• _EXERCISE BRIEF_:
With any pictures left out, restate word for word the lines in the listing below from the one holding "Bon Bon' Footed" through the last.

• _GIVEN DATA_:

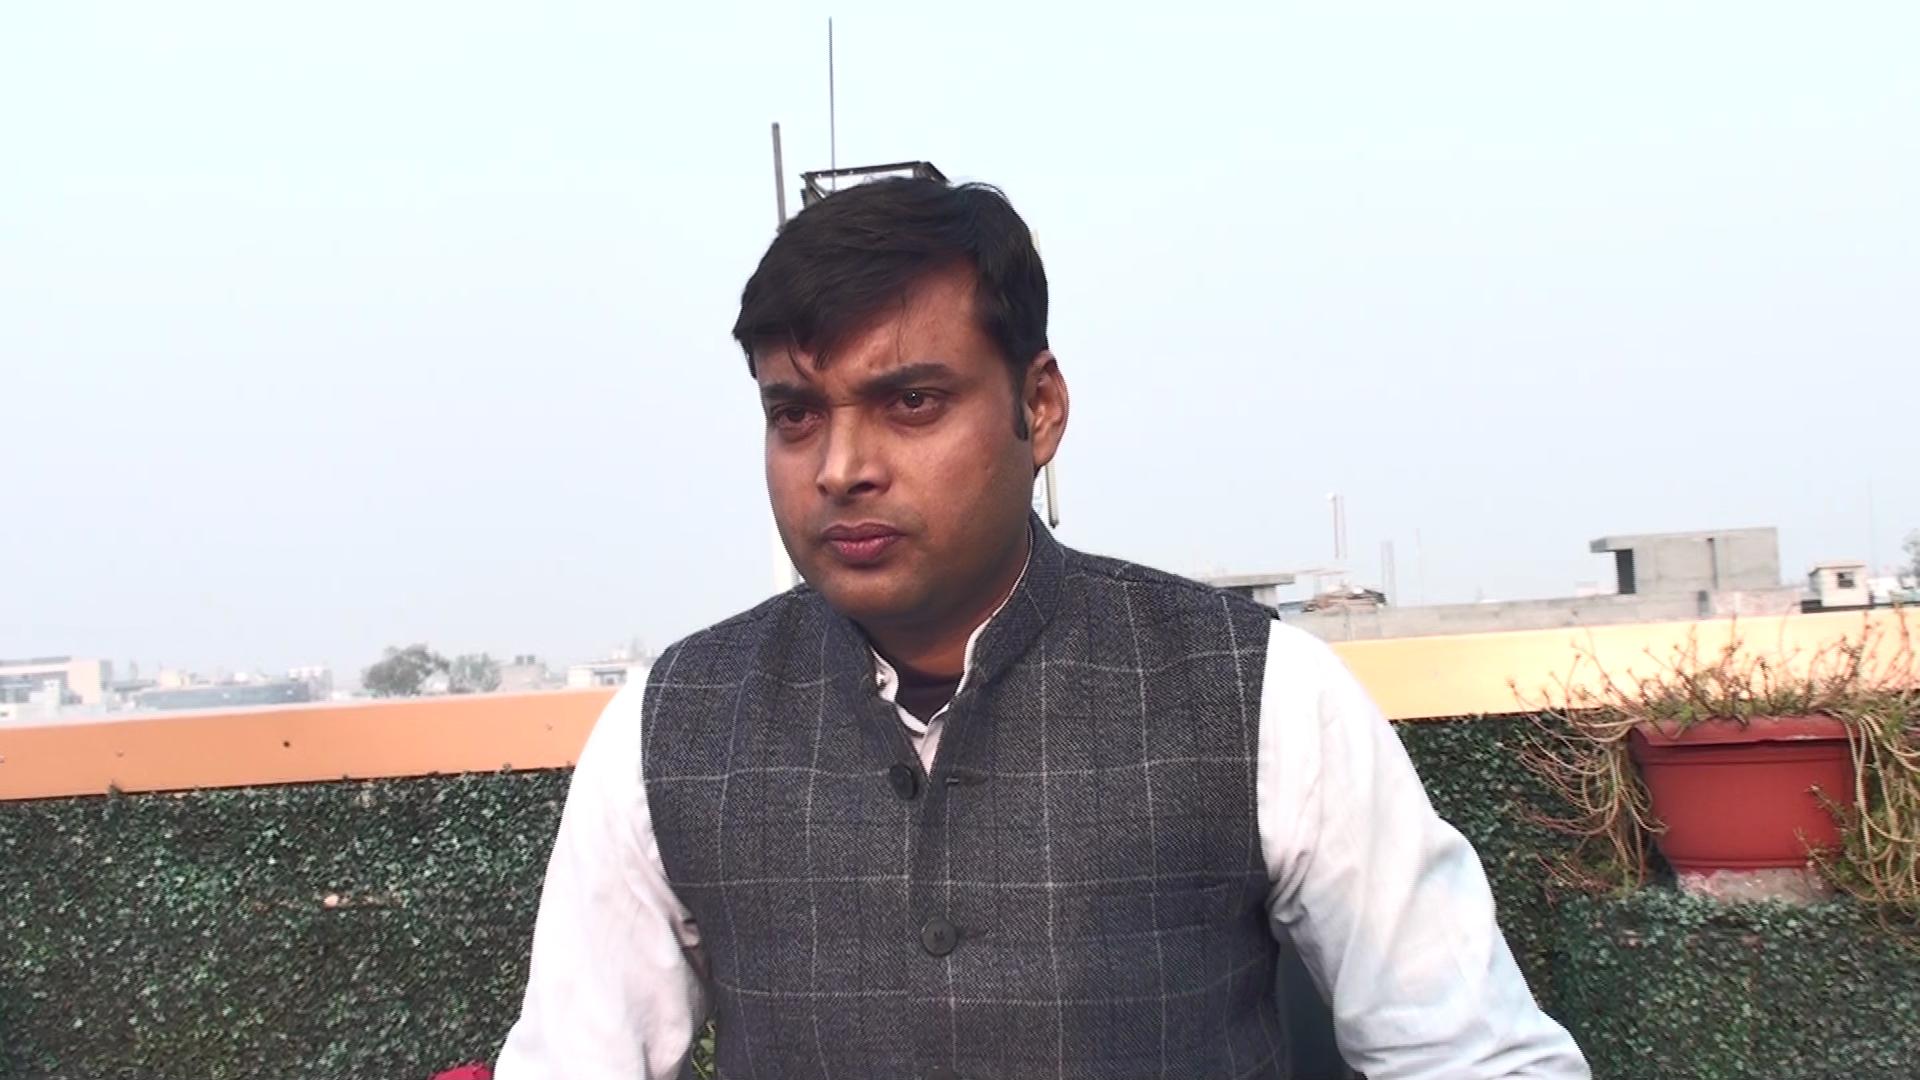 बिहार , उत्तर प्रदेश व दिल्ली में अपनी राजनैतिक जमीन तलाश रही उभरती हुुुई
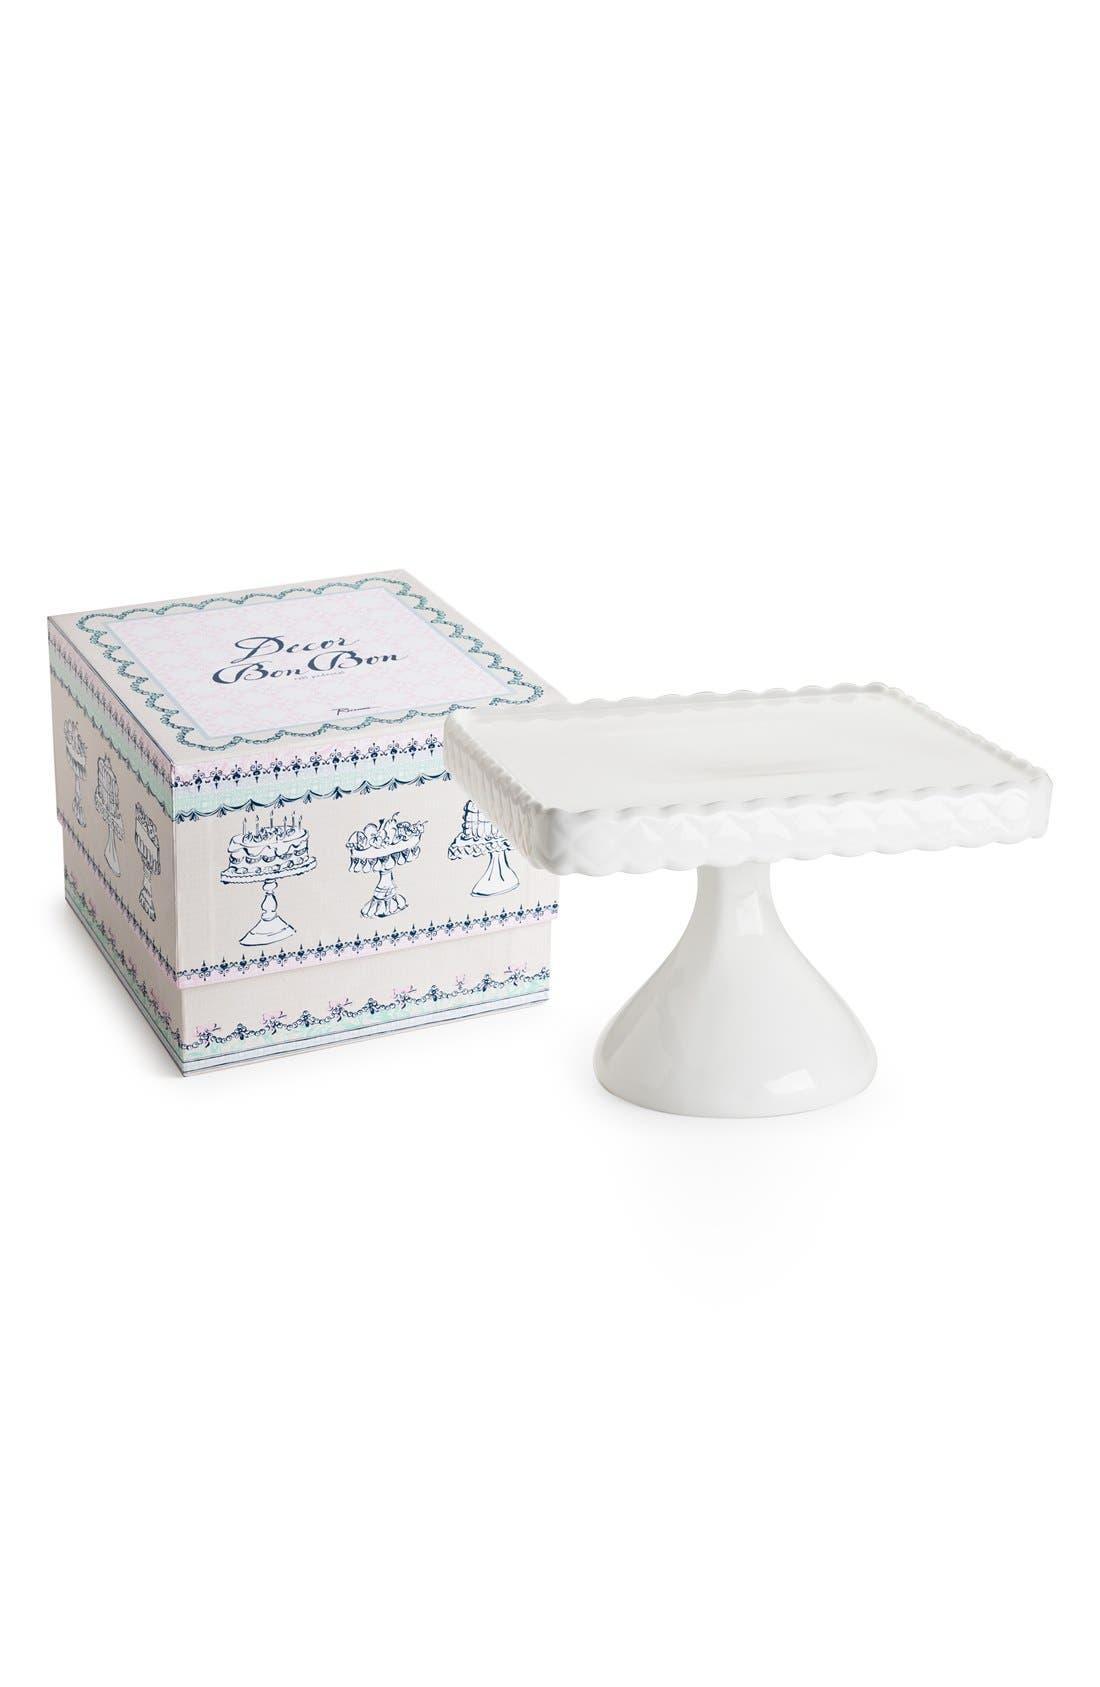 'Décor Bon Bon' Footed Square Cake Stand Pedestal,                             Main thumbnail 1, color,                             100
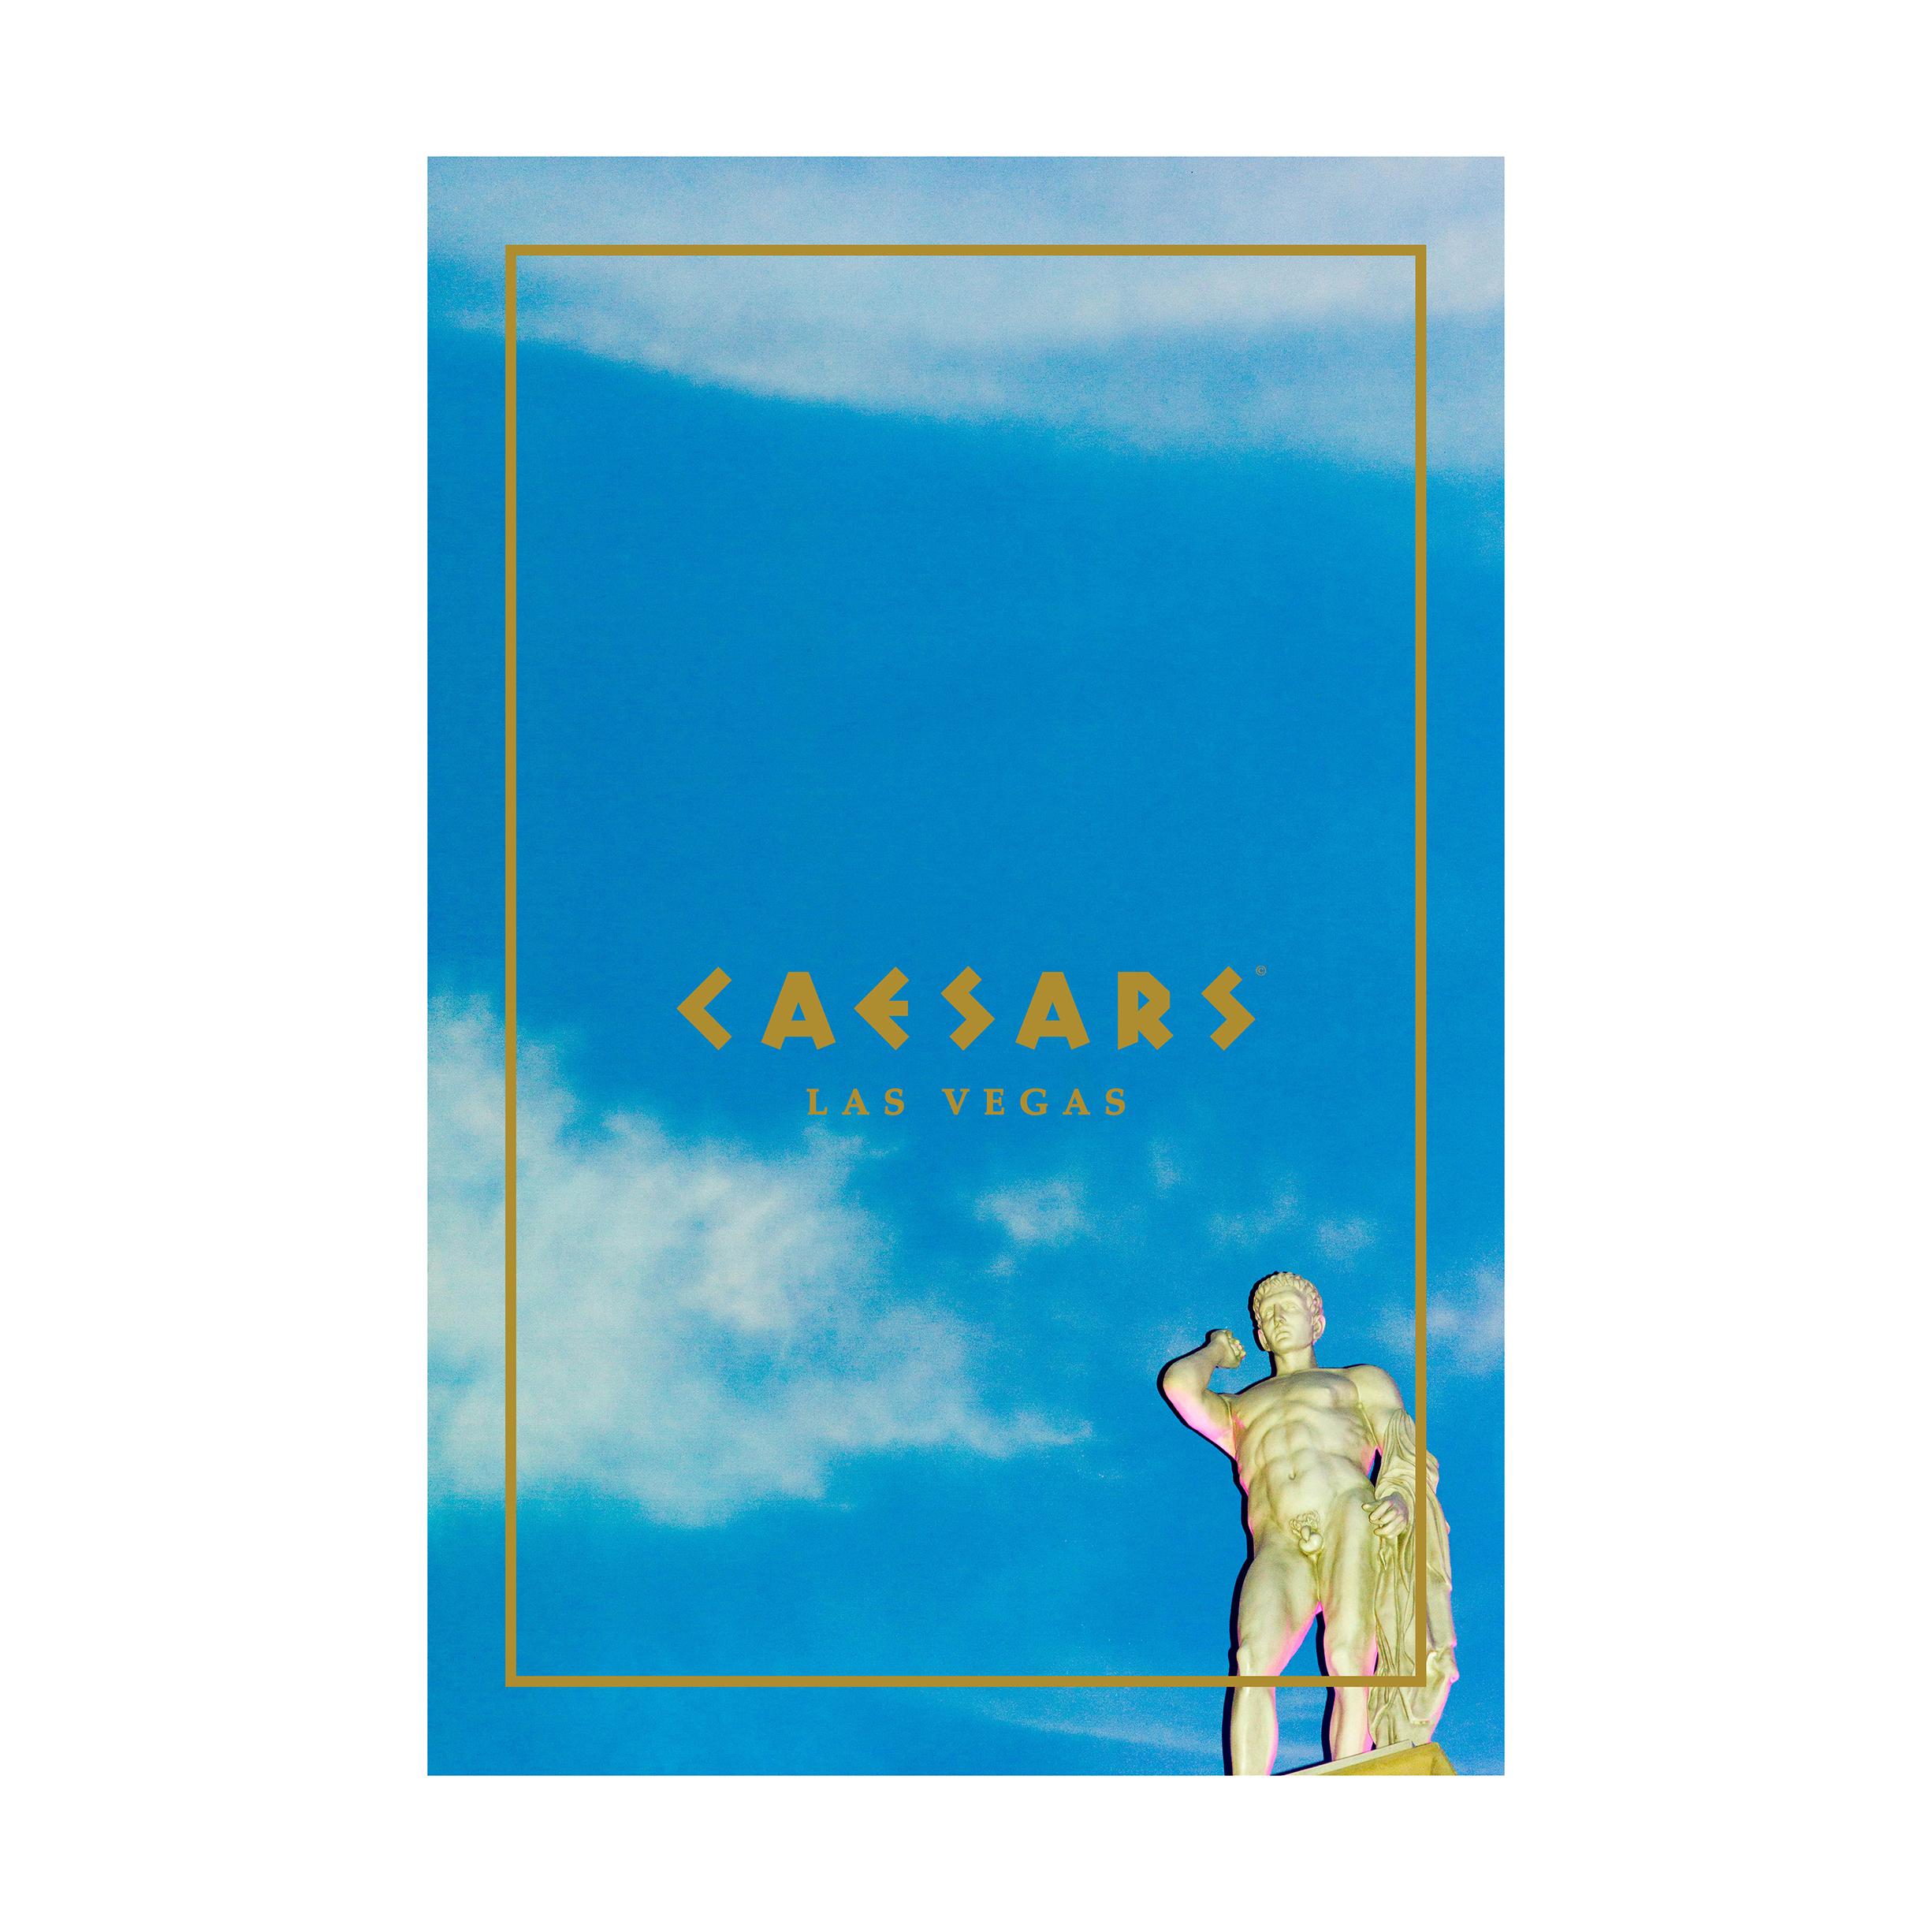 caesars+website+1.jpg

• _SOLUTION FOR THIS PROBLEM_:
 'Décor Bon Bon' Footed Square Cake Stand Pedestal,                             Main thumbnail 1, color,                             100
 caesars+website+1.jpg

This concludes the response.